__ABOUT THIS EXERCISE__:
When you reproduce the data, keep every word exactly as it stands and leave the pictures out.

-----

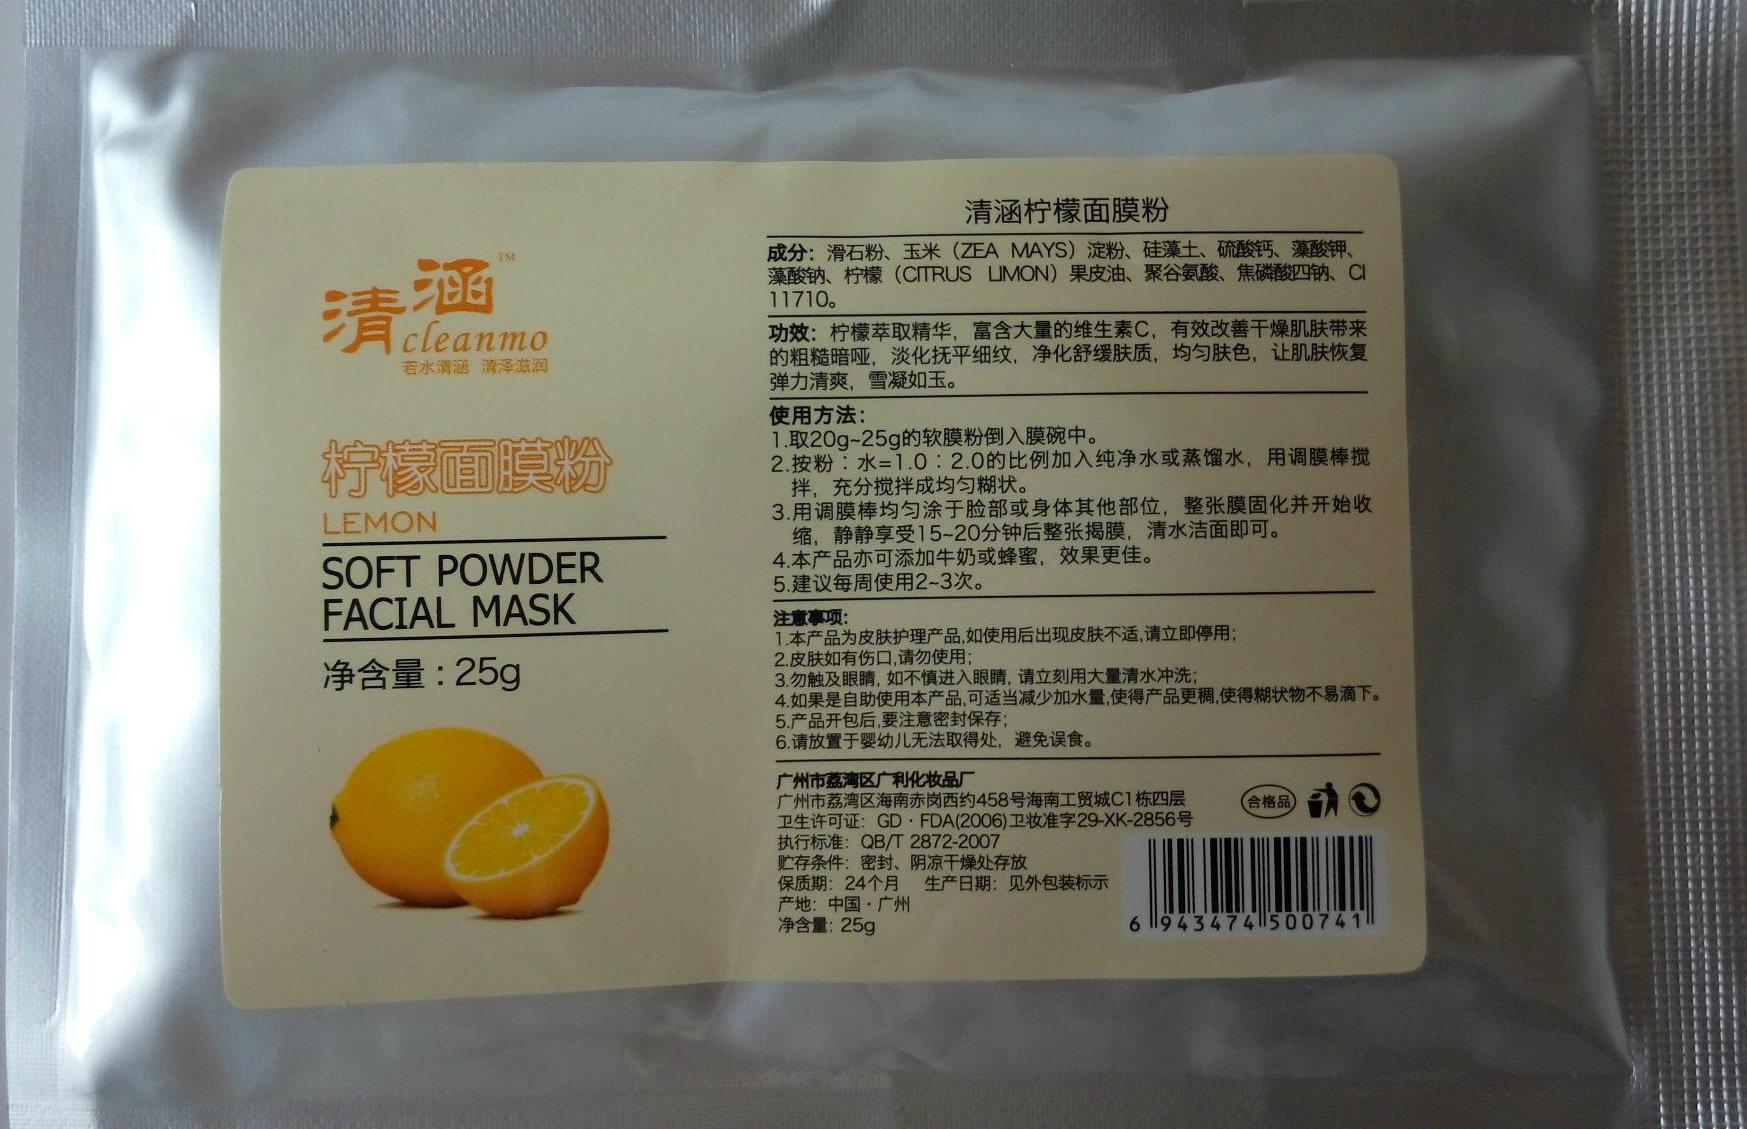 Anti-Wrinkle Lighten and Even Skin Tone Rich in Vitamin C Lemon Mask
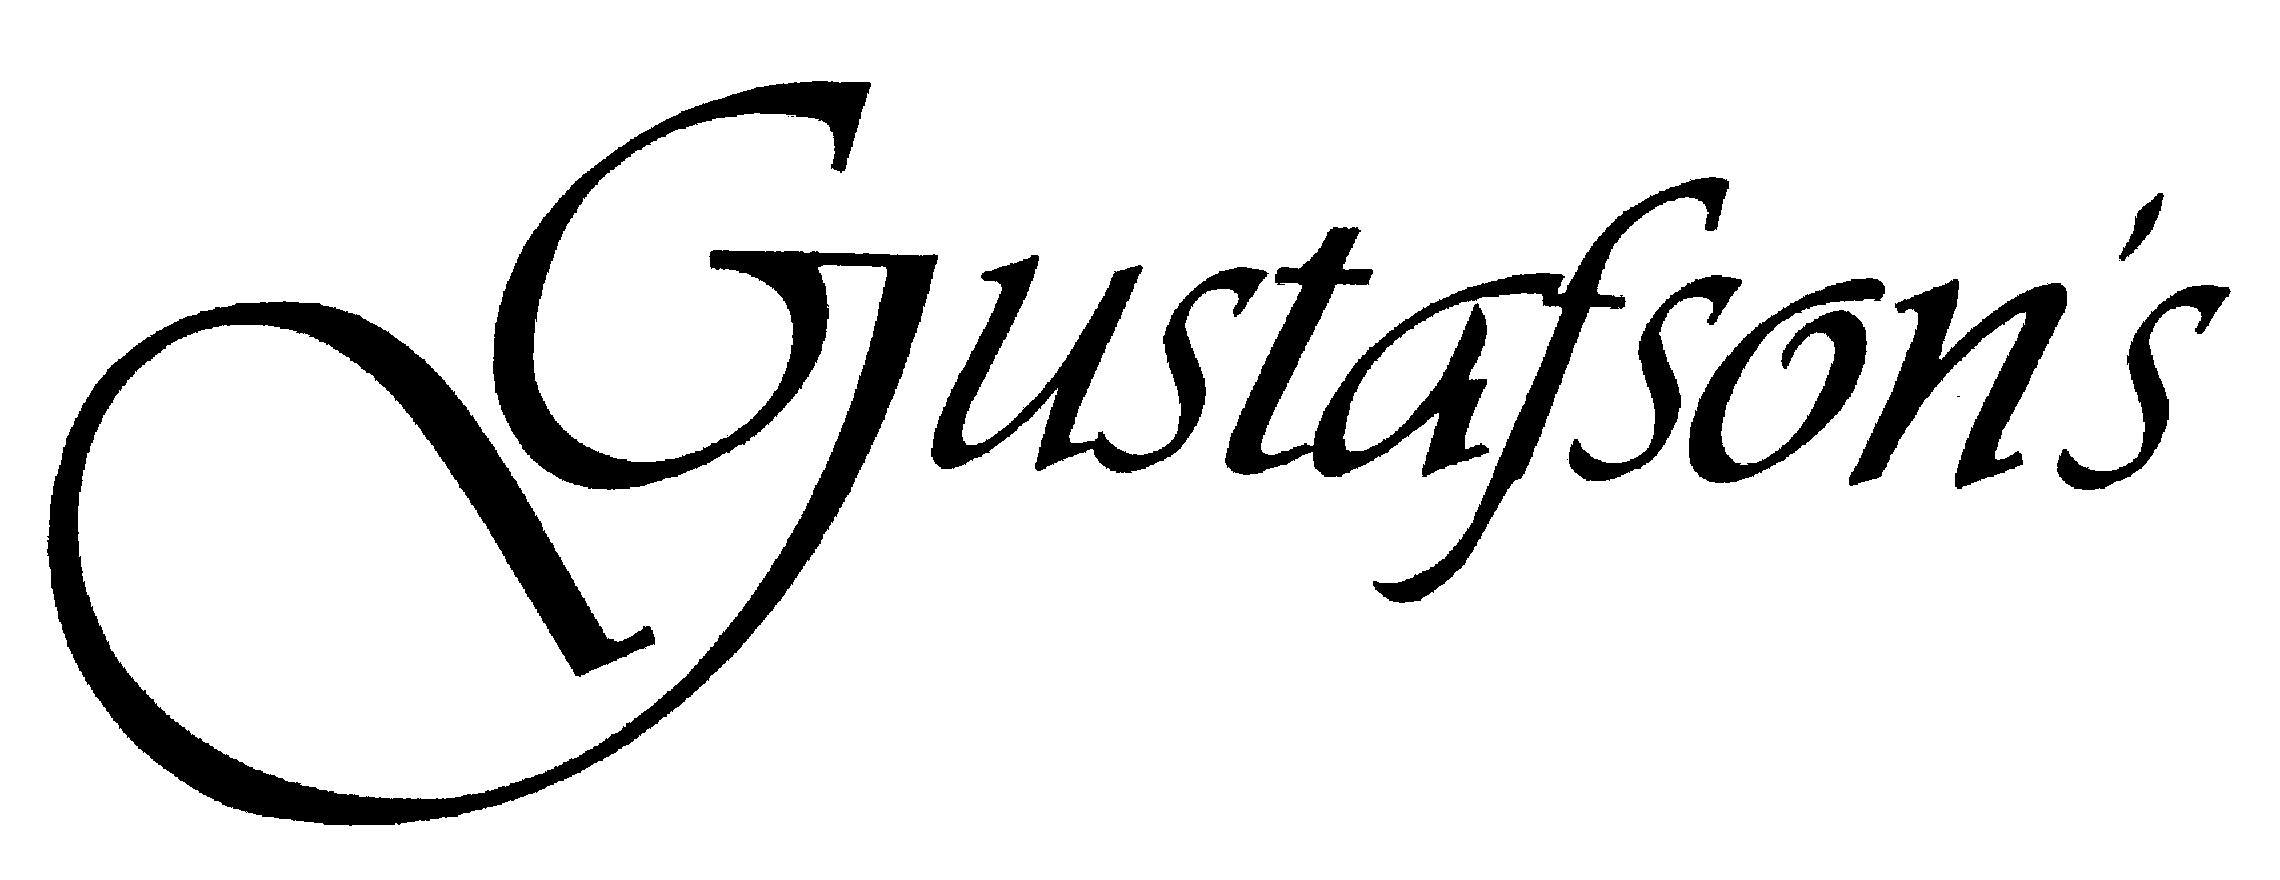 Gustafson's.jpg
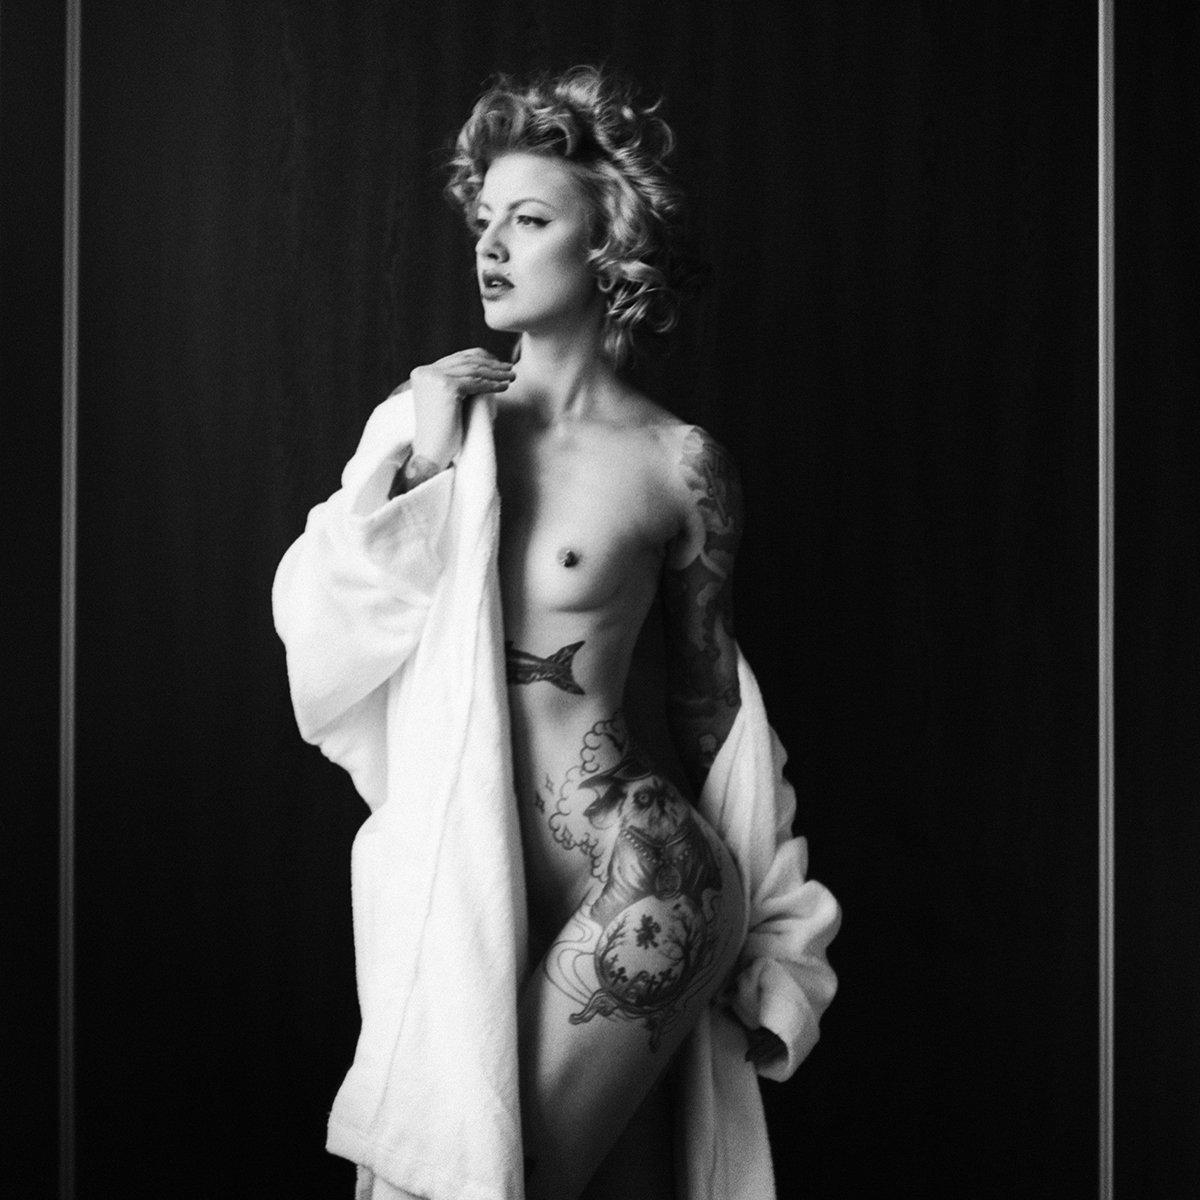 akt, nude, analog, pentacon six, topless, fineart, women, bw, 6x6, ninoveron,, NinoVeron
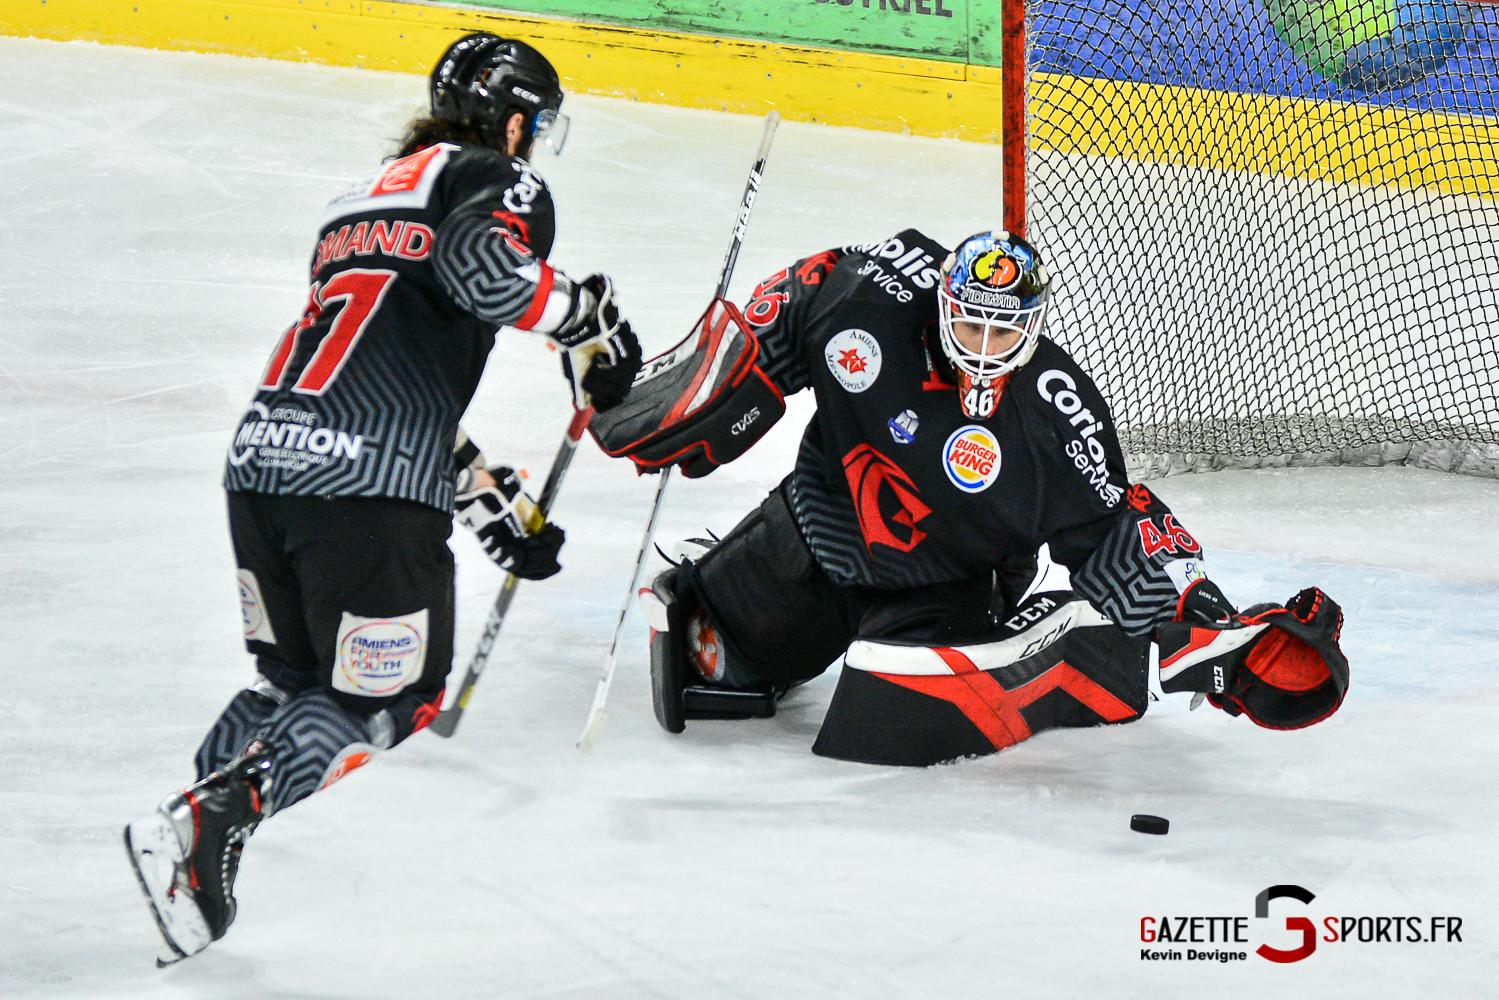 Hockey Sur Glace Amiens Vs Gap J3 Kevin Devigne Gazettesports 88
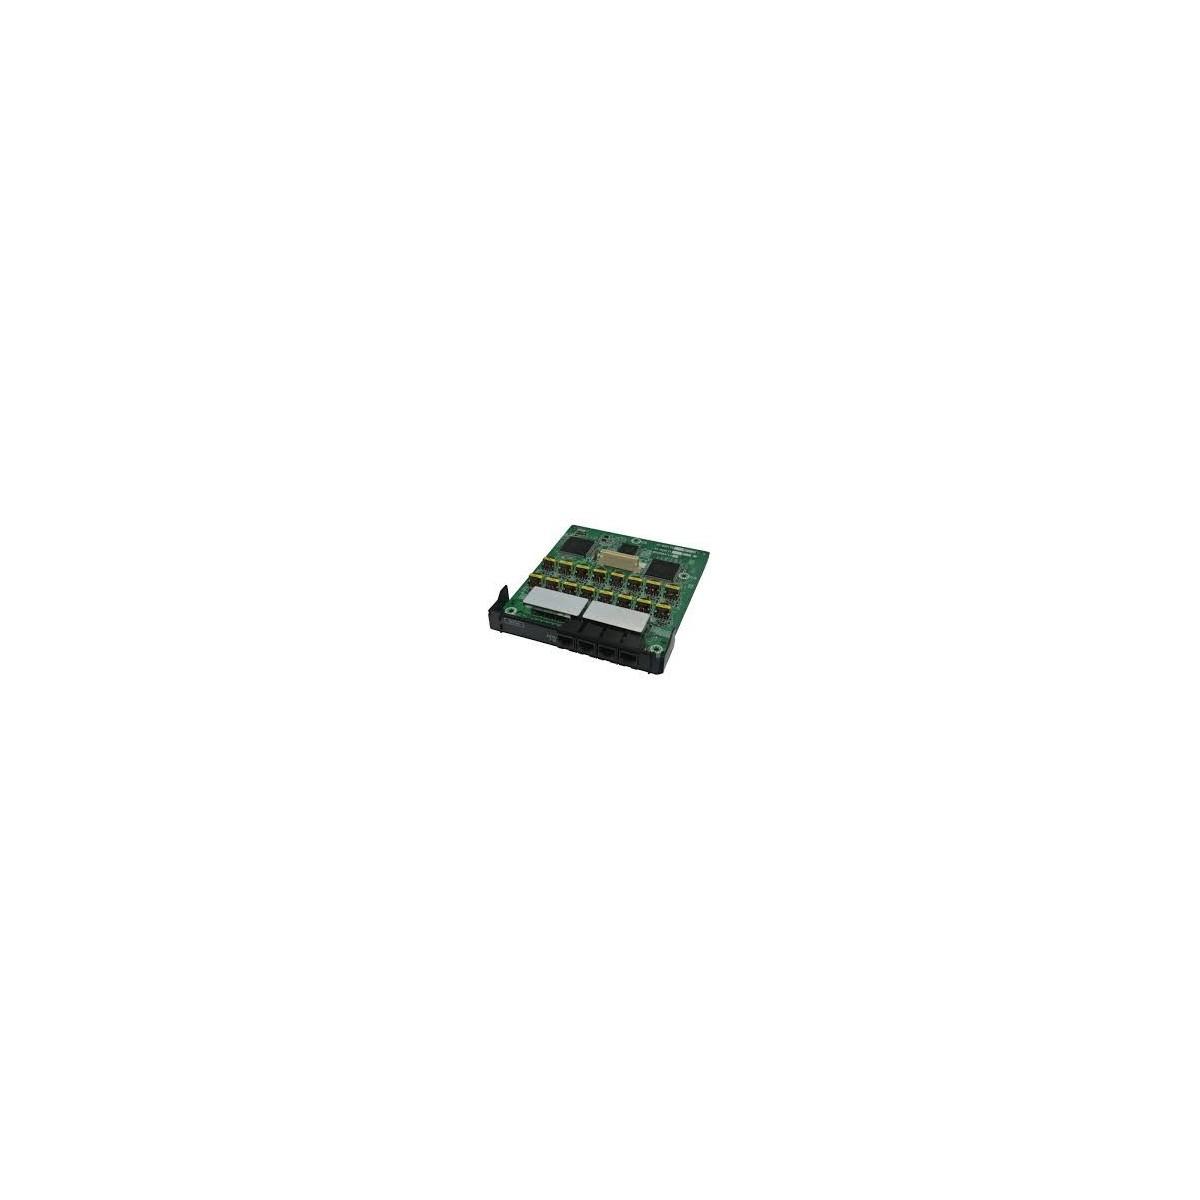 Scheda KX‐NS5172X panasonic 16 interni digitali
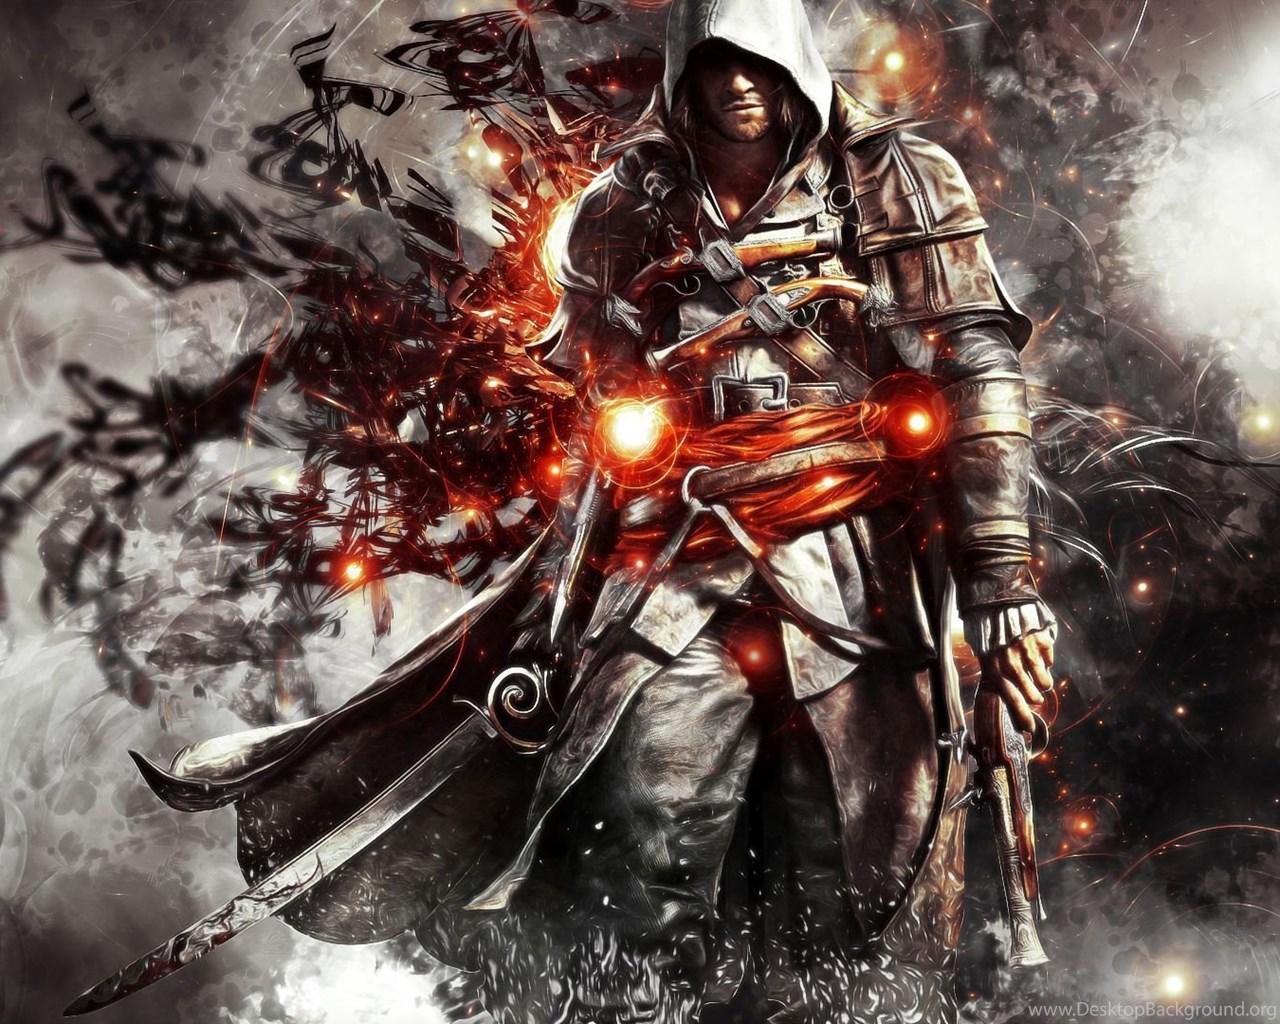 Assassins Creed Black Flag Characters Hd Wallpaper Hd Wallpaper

-----

__WRITTEN ANSWER__:
 Anti-Wrinkle Lighten and Even Skin Tone Rich in Vitamin C Lemon Mask
 Gustafson's.jpg
 akt, nude, analog, pentacon six, topless, fineart, women, bw, 6x6, ninoveron,, NinoVeron
 Hockey Sur Glace Amiens Vs Gap J3 Kevin Devigne Gazettesports 88
 Scheda KX‐NS5172X panasonic 16 interni digitali
 Assassins Creed Black Flag Characters Hd Wallpaper Hd Wallpaper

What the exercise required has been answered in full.